Fateman's paper contrasts C with Lisp, making it quite amusing. Had I written it I would have chosen Ada instead of Lisp, seeing as the paper doesn't try to attack the imperative paradigm, merely C, once the standard bearer. Seeing its offsprings, you start to develop fond memories of C, but I'll save that for another time...
Posted to critiques by Ehud Lamm on 2/10/04; 2:17:17 AM
|
|
|
|
Mark Evans - Re: Software Fault Prevention by Language Choice
2/10/2004; 6:32:08 PM (reads: 465, responses: 0)
|
|
|
Ehud Lamm - Re: Software Fault Prevention by Language Choice
2/10/2004; 8:46:08 PM (reads: 462, responses: 0)
|
|
A new buffer overflow secuity hole from MS... You just go to love these languages, they'll keep us busy for years.
|
|
Isaac Gouy - Re: Software Fault Prevention by Language Choice
2/11/2004; 11:10:40 AM (reads: 359, responses: 1)
|
|
Kuro5hin article
"Pascal has matured and grown in leaps and bounds, becoming a premier commercial language."
Huh? Delphi? (On that basis we could argue that C had matured and ... into Java.)
Countering buffer overflows
"In nearly all computer languages, both old and new, trying to overflow a buffer is normally detected and prevented automatically by the language itself (say, by raising an exception or adding more space to the buffer as needed). But there are two languages where this is not true: C and C++...
An alternative is to use another programming language, since almost all of today's other languages protect against buffer overflows. But using another language doesn't eliminate all problems. Many languages depend on C libraries, and many have mechanisms that turn off the protections (trading off safety for speed). "
|
|
Ehud Lamm - Re: Software Fault Prevention by Language Choice
2/11/2004; 12:09:41 PM (reads: 366, responses: 0)
|
|
This is a valid point. Once you are outside the scope of the language all bets are off. That's why cross language runtimes and VMs are important, as well things like typed assembly language andd PCC.
|
|
Mark Evans - Re: Software Fault Prevention by Language Choice
2/12/2004; 11:59:08 AM (reads: 280, responses: 1)
|
|
The virtual ring buffer (aka circular buffer) is common as salt in well-designed communications work. DSP chips have them in microcode. They seem strangely absent from modern languages, VMs, and CLRs.
|
|
andrew cooke - Re: Software Fault Prevention by Language Choice
2/12/2004; 1:30:49 PM (reads: 277, responses: 0)
|
|
They seem strangely absent from modern languages, VMs, and CLRs
don't higher level parts of the system deal with the problems that a ring buffer addresses in different ways? i'm sure they're great for buffering a stream of data when you're worried about speed and memory use, but in higher level - further up the comms stack - programming you're more worried about different things. infinte lists and streams are better abstractions (and are supported widely) for some applications where you might use a ring buffer (and you don't need to decide on the amount of memory you want ahead of time). and you can simply stop reading and let lower levels do the buffering.

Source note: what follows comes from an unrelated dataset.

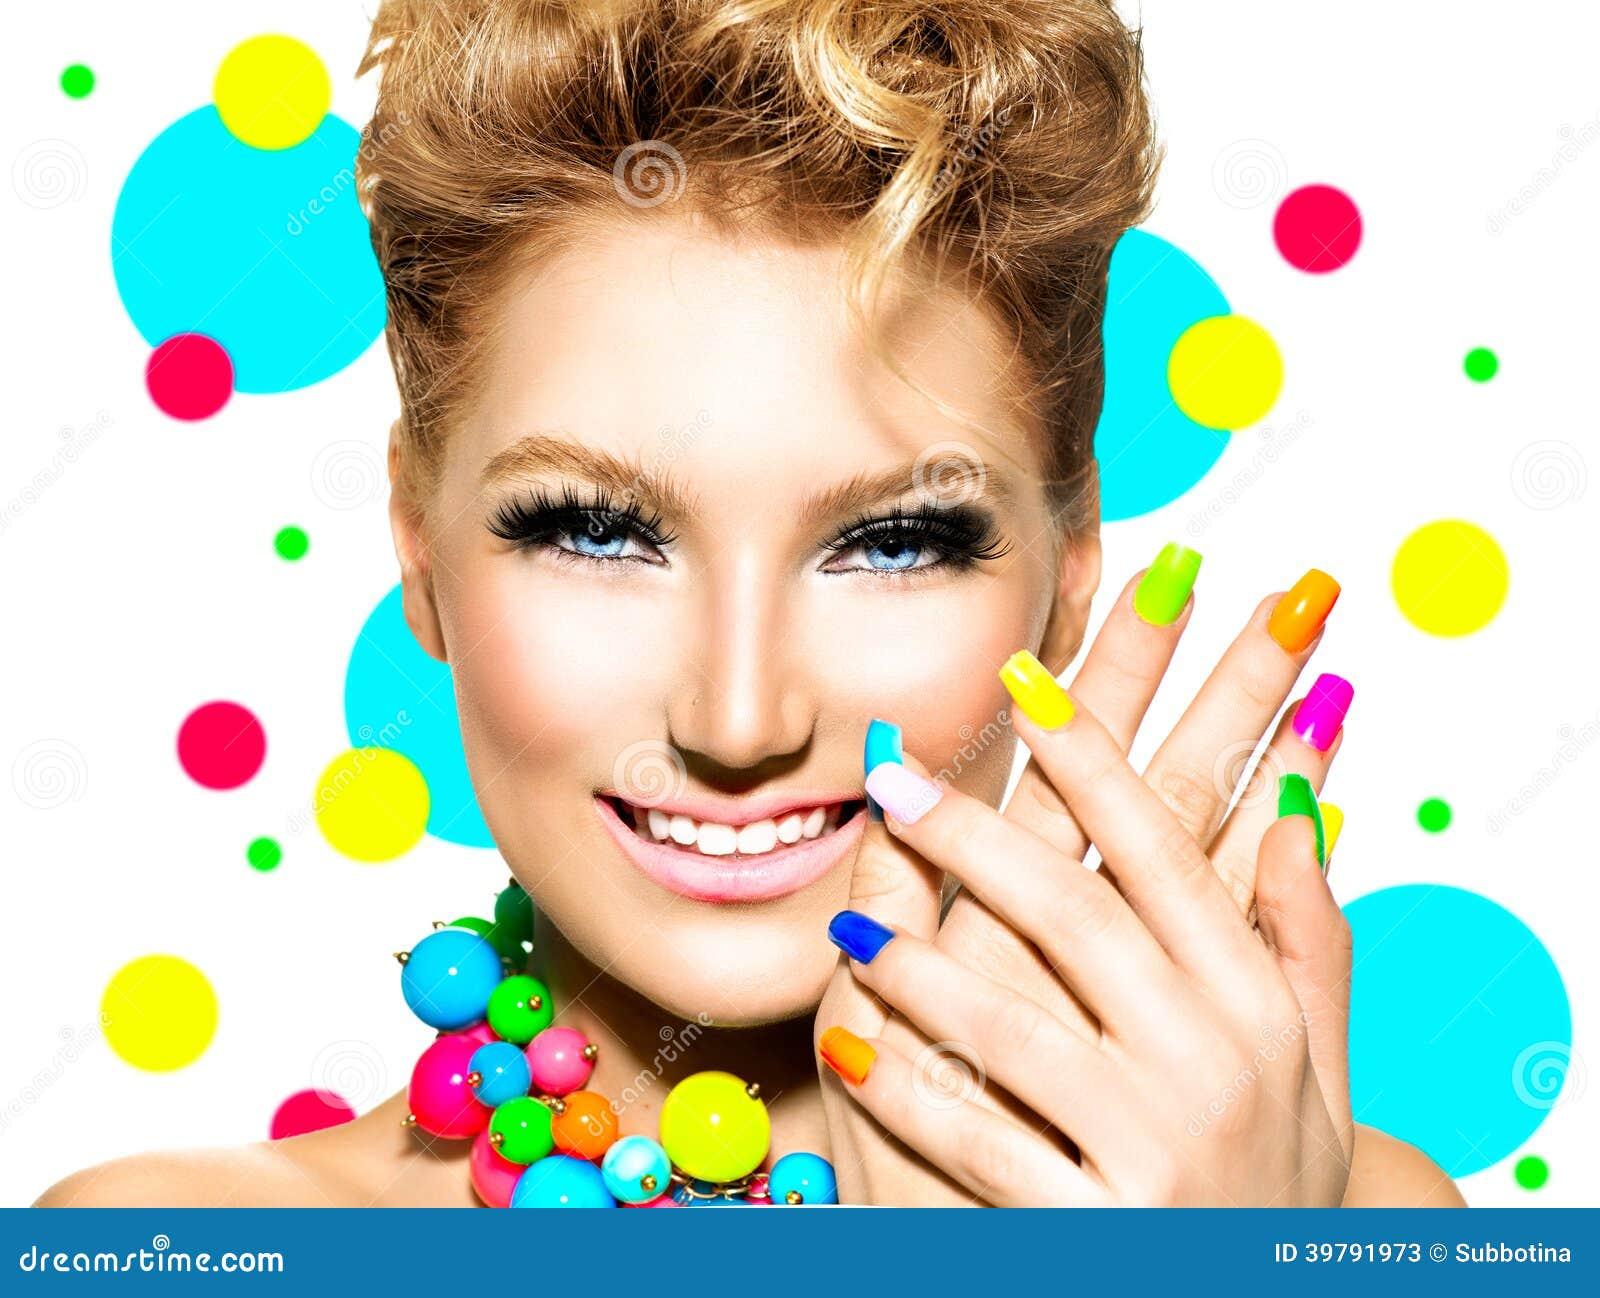 Beauty Girl with Colorful Makeup, Nail polish

maybe i'm biassed - i once wrote one of these things mainly because i didn't understand enough about either system-level buffering or the underlying comms protocol. it became famous (within the company) as a source of bugs (i just wasn't that used to messing around with pointers and memory - another way of saying i was using the wrong tool for the job). eventually we deleted it. the program worked just as well without (com.intertrader.io.GreedyInputStream RIP :o)
|
|
Mark Evans - Re: Software Fault Prevention by Language Choice
2/12/2004; 8:27:24 PM (reads: 242, responses: 1)
|
|
They are mildly tricky to write, but that is another argument to put them in the language or runtime support. I argue that they belong in the CPU instruction set.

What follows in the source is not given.